她合上册子,神色不动。谣言若只是夸大其词,尚可归于口舌之快;可若捏造事实、凭空污名,那便是有人蓄意搅乱府中人心。
云袖很快折返,手中多了一张纸条。“回小姐,近十日内受罚者共七人,三人已改正复岗,其余皆依规处理,无一人受重惩。厨房李妈还说,那两个婆子平日最爱嚼舌根,前几日因私藏炭块被巡防发现,才被扣了月钱,一直心怀不满。”
沈清鸢接过纸条,扫了一眼,冷笑一声:“原是自己犯了错,反要泼我一身脏水。”
她站起身,在房中踱步两圈,脚步沉稳。片刻后停在案前,提笔蘸墨,在一张素笺上写下三条指令:
其一,自即日起,凡王府服役满一年者,每人增发厚棉袄一套,由账房统一采办,冬至前发放;
其二,厨房午膳添一道热汤,寒日可暖身,劳力者当得温饱;
其三,凡患病者,准予调至轻省岗位休养,不得克扣月钱,病愈后再议差事。
写罢,她吹干墨迹,交与云袖:“你亲自去传话,张贴告示于各院门口。但有一条——不许说是王妃下令,只道‘府中体恤辛劳,特予优待’。”
云袖接过纸条,略一迟疑:“若有人追问是谁主张呢?”
“便说管事们商议所定。”沈清鸢淡淡道,“我不争这个名,只求事成。”
云袖点头离去。沈清鸢坐回案前,重新提起笔,继续核对工匠名单。窗外天光渐亮,檐角铜铃随风轻响,一如昨夜宴散时的安宁。可她知道,这平静之下已有暗流涌动。
辰时初,云袖回来复命:“告示已贴,厨房李妈领了新棉袄,抱着直掉泪,说比她儿子去年带回的还好;东院几个老仆也议论开了,说没想到府里还记得他们这些粗使的人。”
沈清鸢点头,未多言语。
巳时,她照例巡视各院。行至厨房外,见灶火正旺,锅中汤水翻滚,香气扑鼻。李妈正在分汤,见她走近,忙迎上来行礼。
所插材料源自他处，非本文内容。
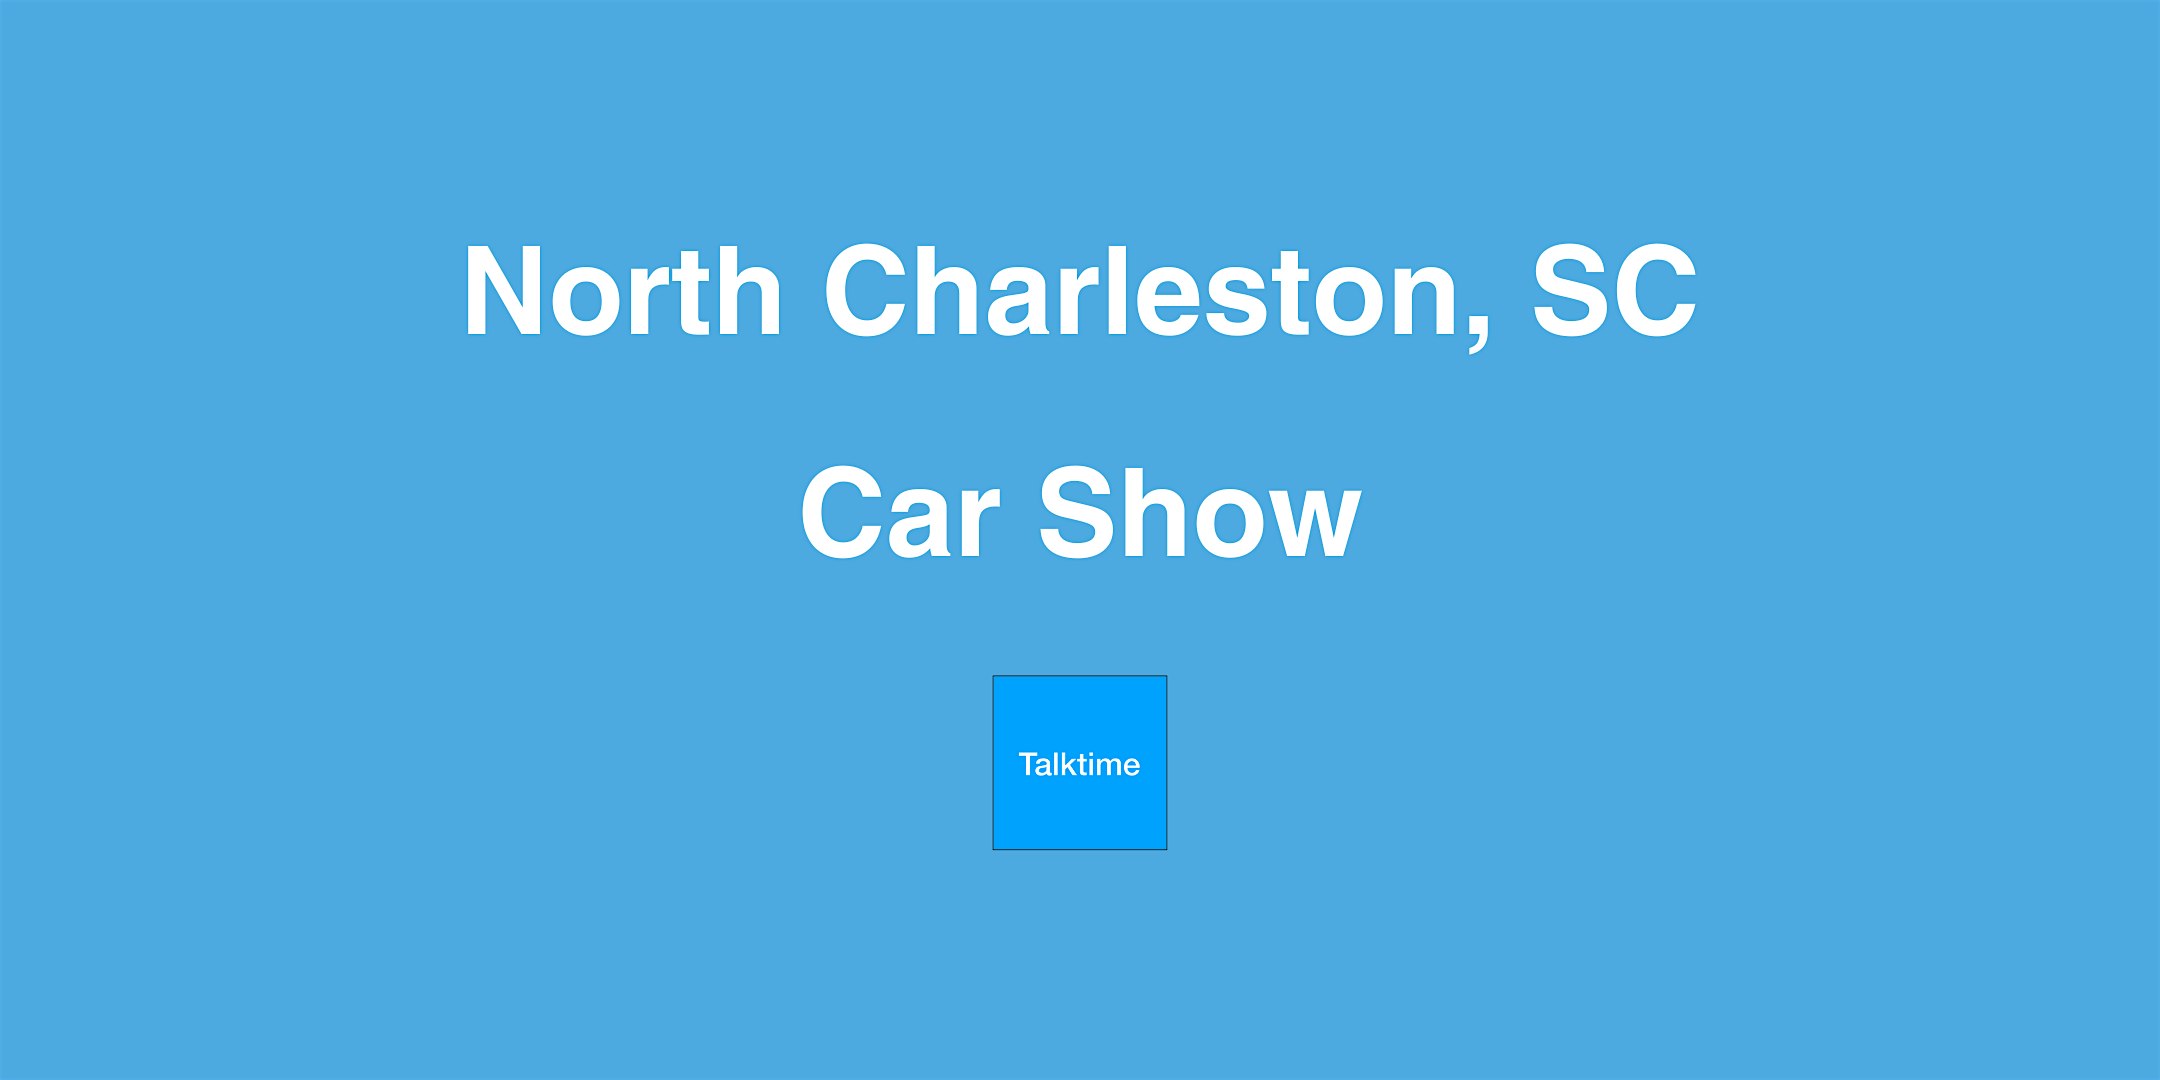 Car Show - North Charleston

“王妃来了,正好趁热喝一碗。”李妈端起一碗汤递上,“这是新添的萝卜排骨汤,厨下大伙都说,今儿这汤格外香。”
沈清鸢接过碗,轻啜一口,温热入喉,滋味醇厚。她点头道:“火候刚好。”
李妈笑道:“可不是么?原先大家总觉得您只重场面规矩,怕您容不下一点错。如今一看,不但没苛待人,反倒比从前宽厚了。那些说闲话的婆子,今早见我都躲着走,生怕我说她们坏话。”
沈清鸢放下碗,将空碗递回:“你们安心做事就好。府中用人,向来赏罚分明。做得好,自然有好处;若有错,也只按规处置,从不牵连无辜。”
李妈连连称是,又道:“奴婢还听说,西角门那个守卫小吴,昨儿发热告假,今早就被调去了库房看钥匙,轻松多了。他娘特地托人带话,说感激府上体恤。”
沈清鸢微微颔首,未再多言,转身离去。
午后,她坐在书房批阅账目,云袖进来禀报:“原先那两个散播谣言的婆子,今早在洗衣房碰头,被阿沅撞见。她们说:‘人家不但没罚人,还给棉袄发汤,咱们再说坏话,岂不成小人了?’说完就散了,再没提一个字。”
沈清鸢听着,唇角微不可察地扬了一下,随即低头继续写字。她在账册旁空白处批注一行小字:“仁非示弱,威自德生。”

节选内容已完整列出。